Alan Dechert adechert at earthlink.net
Sun Jul 27 14:15:15 EDT 2003


"Ian Smith" <iandjmsmith at aol.com> wrote in message
news:2dc49b63.0307240824.4e1b2136 at posting.google.com...


> There's a lot of assumed knowledge in this discussion. I know nothing
> about electronic voting systems, I know almost nothing about Python as
> a programming language but I do know how to calculate values
> associated with the cumulative binomial distribution. A Javascript
> (sorry!) calculator for the binomial distribution amongst others can
> be found at http://members.aol.com/iandjmsmith/EXAMPLES.HTM.
> Javascript can be converted to Java, C etc quite easily. I would
> imagine with my lack of knowledge of Python you'll probably be better
> off doing the conversion yourself.
>
> The code is quick and accurate and can handle large sample sizes and
> very small probabilities which you probably need. There's even a
> calculator for the Hypergeometric distribution should you wish to do
> sampling without replacement calculations.
>
>
> Ian Smith
>
> P.S. the calculation of 70 is fine. If you don't want to calculate
> anything much more difficult then you probably don't need a calculator
> anyway.
>
Thanks, Ian.  I could not quite figure out if your binomial distribution
calculator would be applicable.

Here's what Bill Buck ( billbuck at cox.net ) sent me.  It turns out there is a
BINOMDIST function in Excel.  I think it might be what I want.

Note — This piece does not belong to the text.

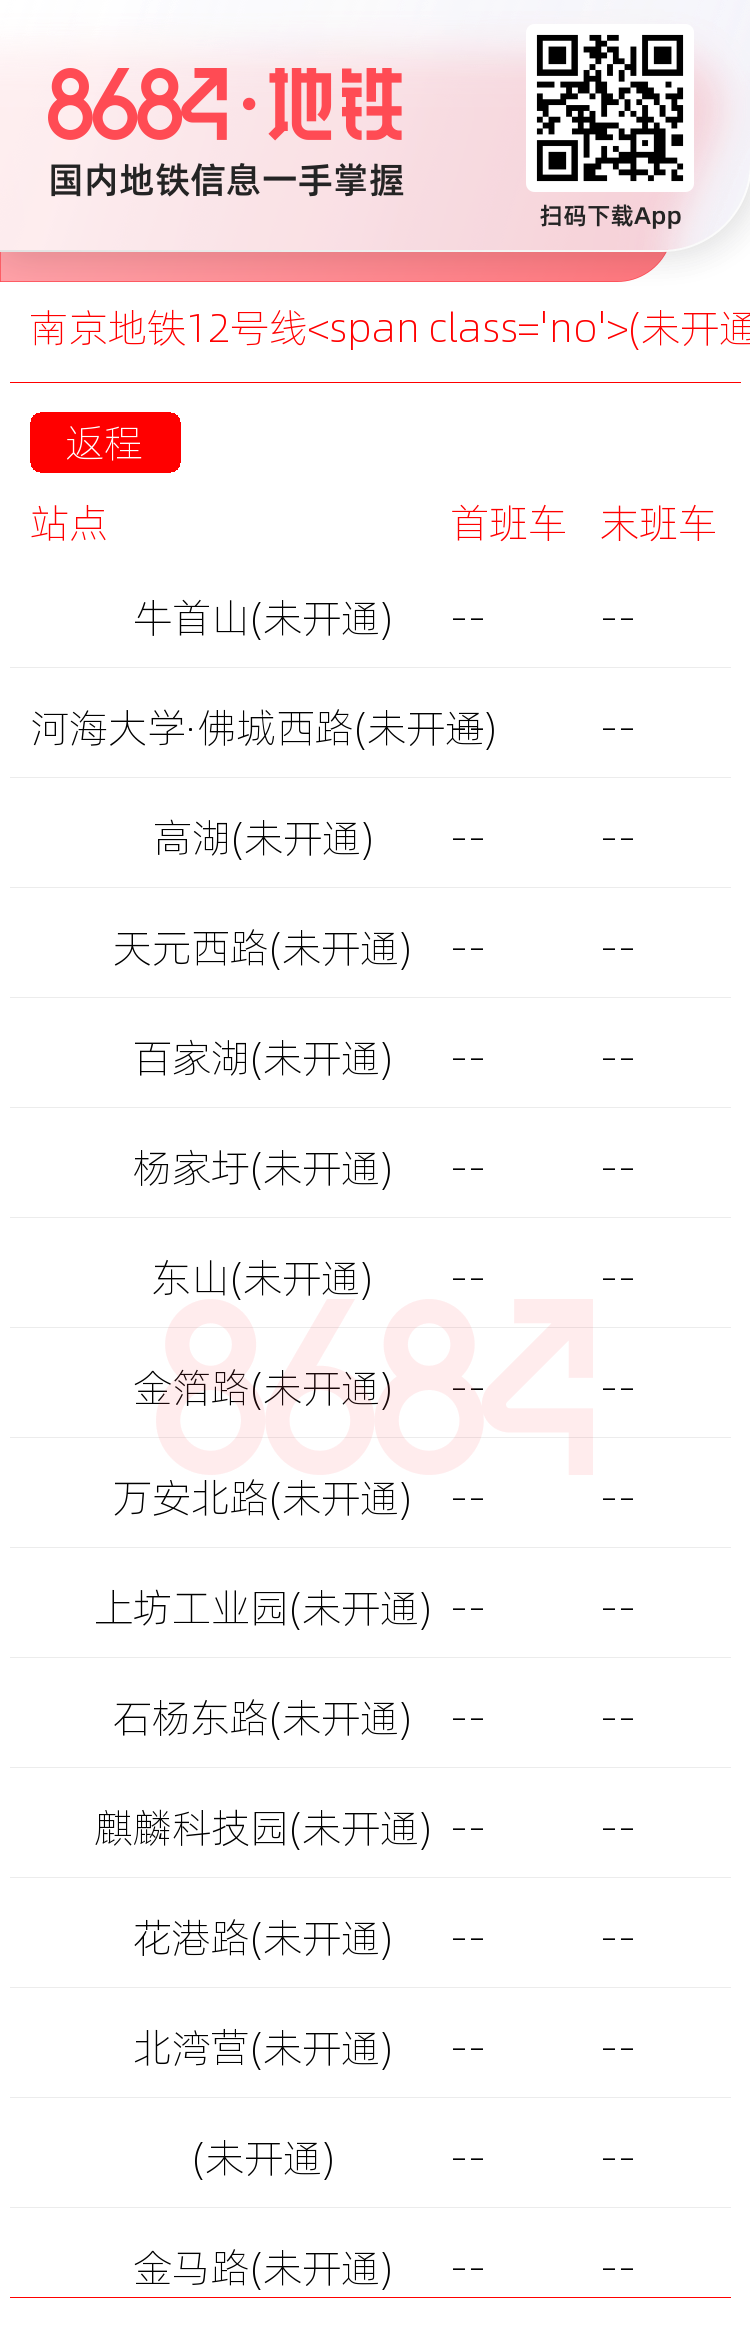 南京地铁12号线<span class='no'>(未开通)</span>运营时间表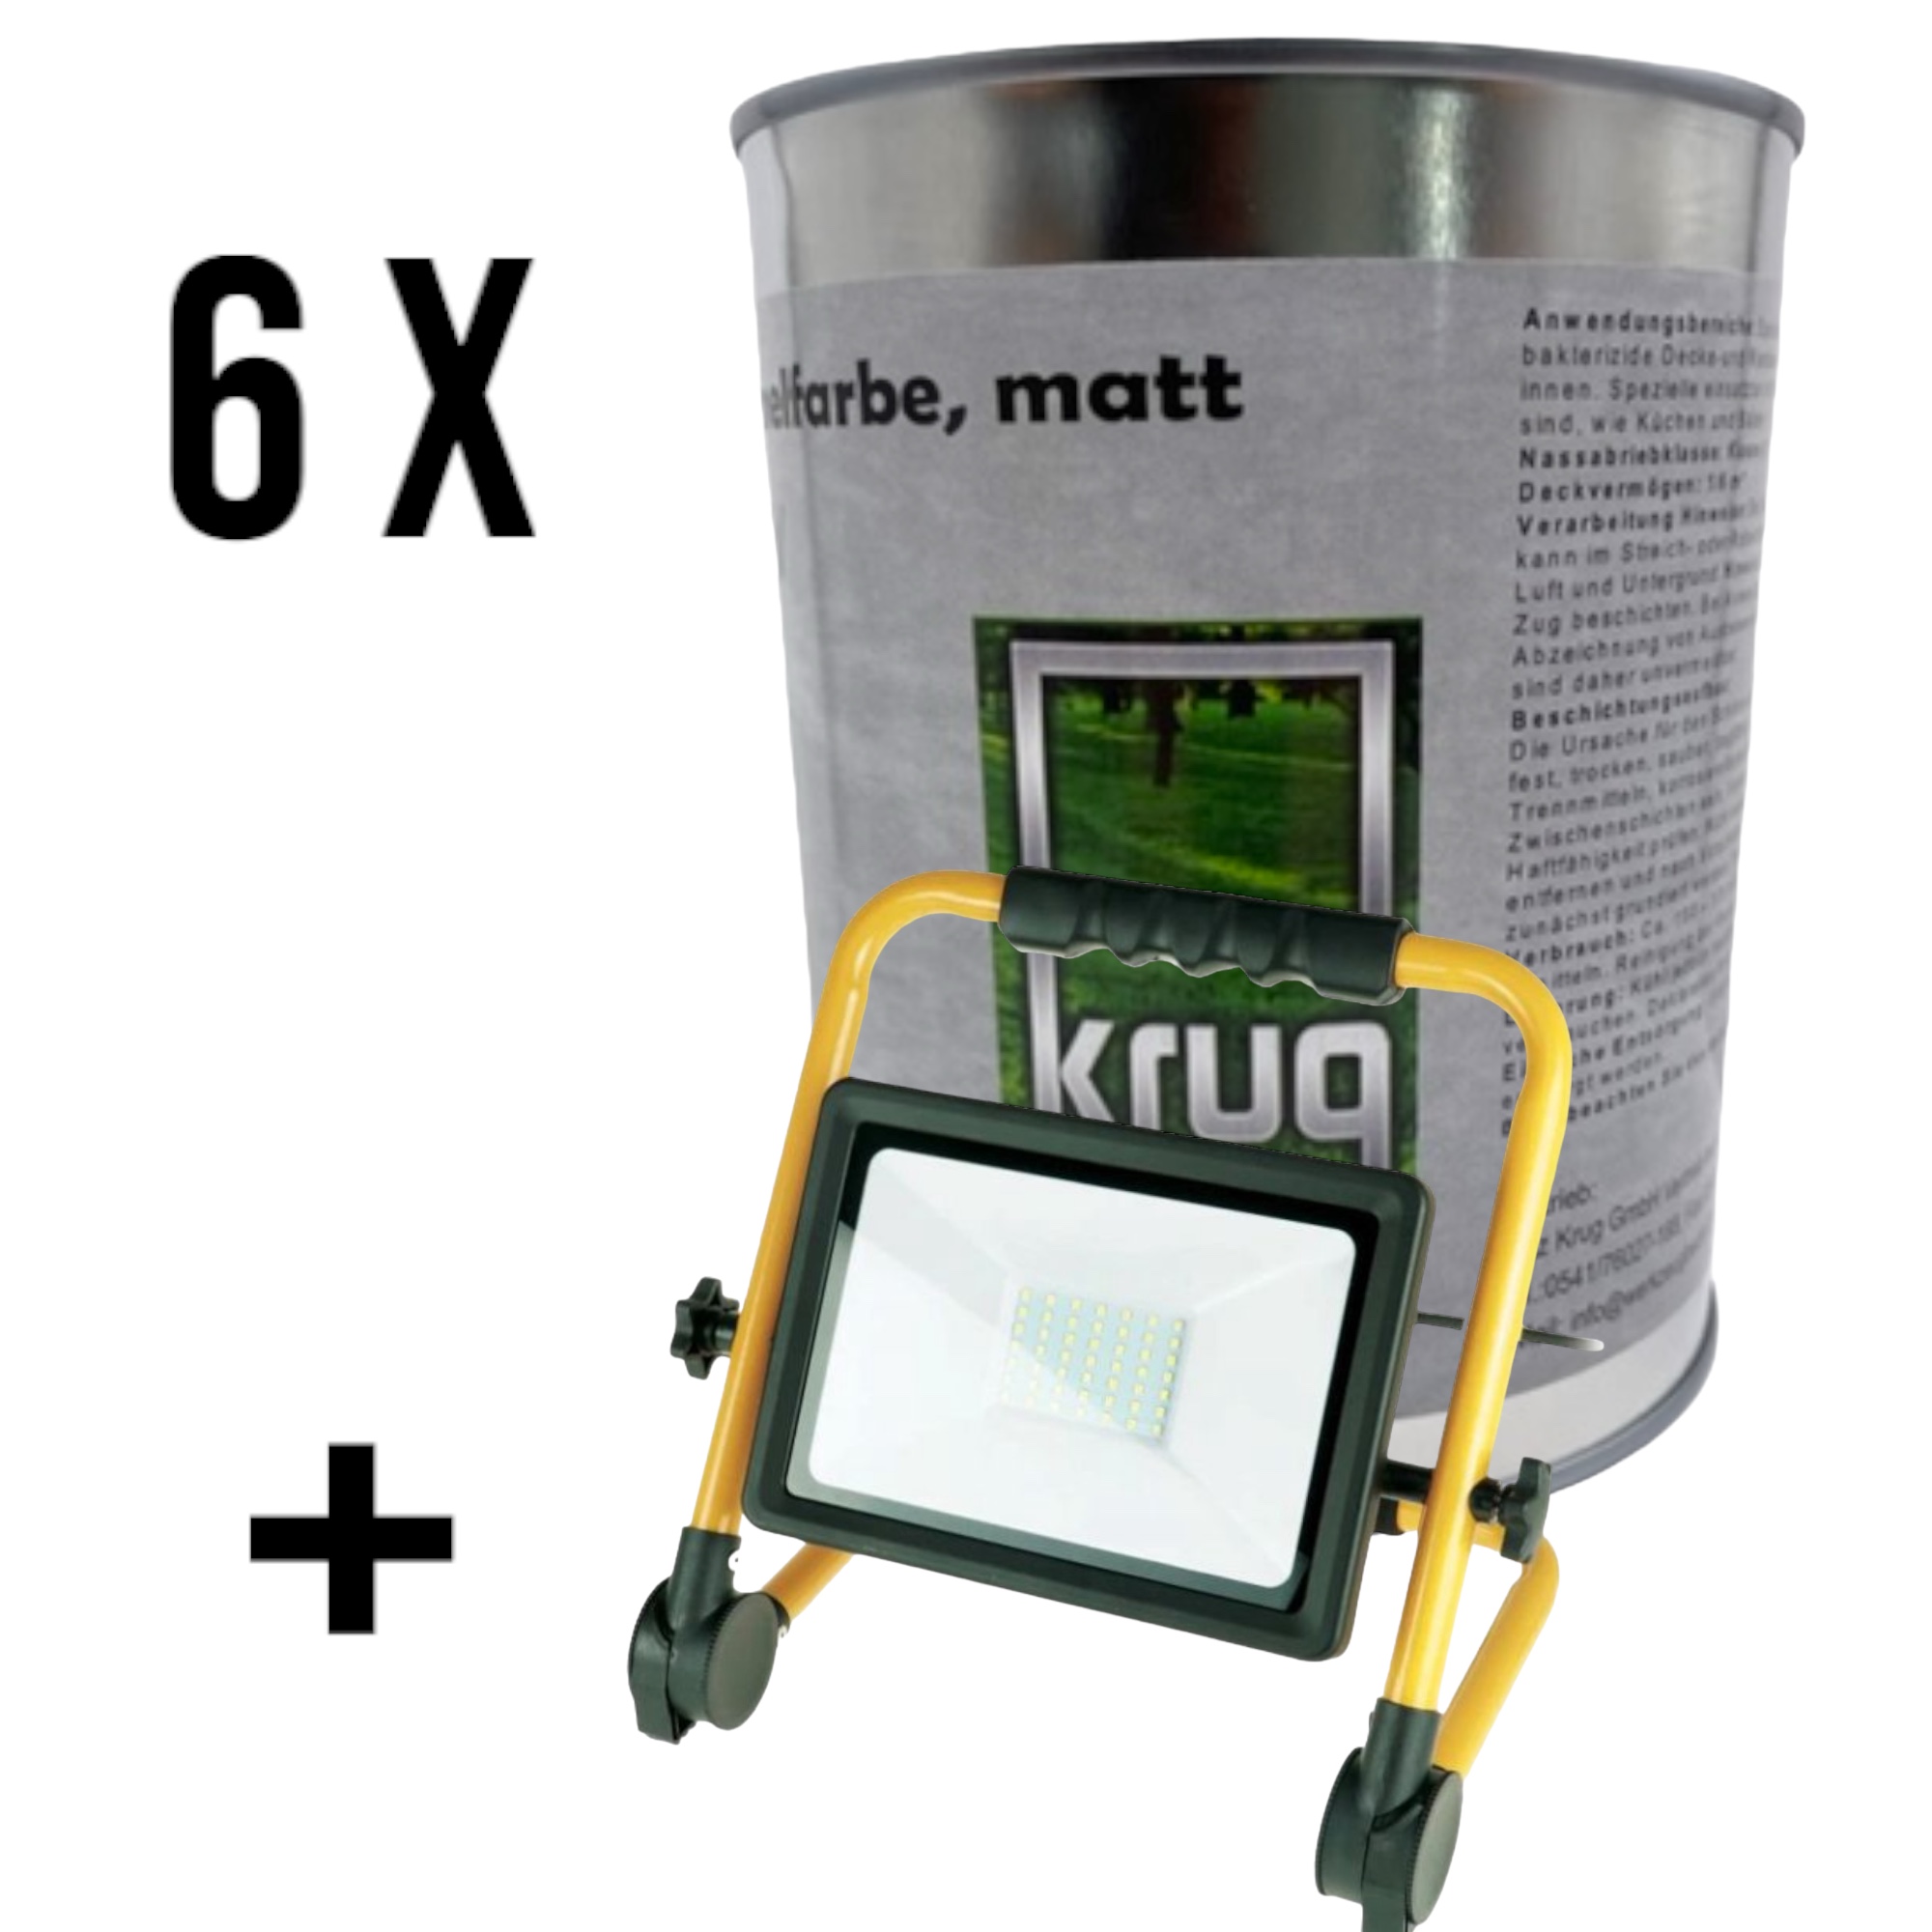 Set 6 x Krug Antischimmelfarbe Matt 0,75 Liter + 1 x SMD LED Baustrahler 50W, IP65

http://home.earthlink.net/~adechert/LOTAcceptanceCalculator.xls

Let me try to clarify what I'm after.  The paper record should always match
the electronic record.  So the allowable defects is zero.  If there is a
mismatch found in the sample, we don't publish the electronic tally: we take
all the paper ballots and check them.

We are talking about an election conducted with computer-generated paper
ballots.  The paper ballots represent the actual vote since these ballots
are what voters actually saw, verified, and cast.  We will have an
electronic record obtained from the computers which should match each paper
ballot generated.  We want to use the electronic record since it will give
us an instant result -- but we have to check it against the paper ballots to
be sure the election result is correct.  So, in this scenario, the
electronic count is a prediction (or preliminary tally).

So, if by the preliminary electronic tally a candidate won a race by 1
percent, I want to know how many ballots we have to check (random sample) to
be certain that the result predicted is true.

When I put one million into this Confidence Level Calculator, and Acceptable
Quality Level of .01, a sample of 10,000 shows a confidence level of "1."  A
sample of 2000 give C.L of 0.999999998  Presumably, "1" is really
.9999999999+ more 9s.  Can we get more decimal places?

So I guess the Lot Fraction Defective is analgous to the predicted victory
margin.  Is that right?

I would still like a standalone calculator that doesn't require Excel.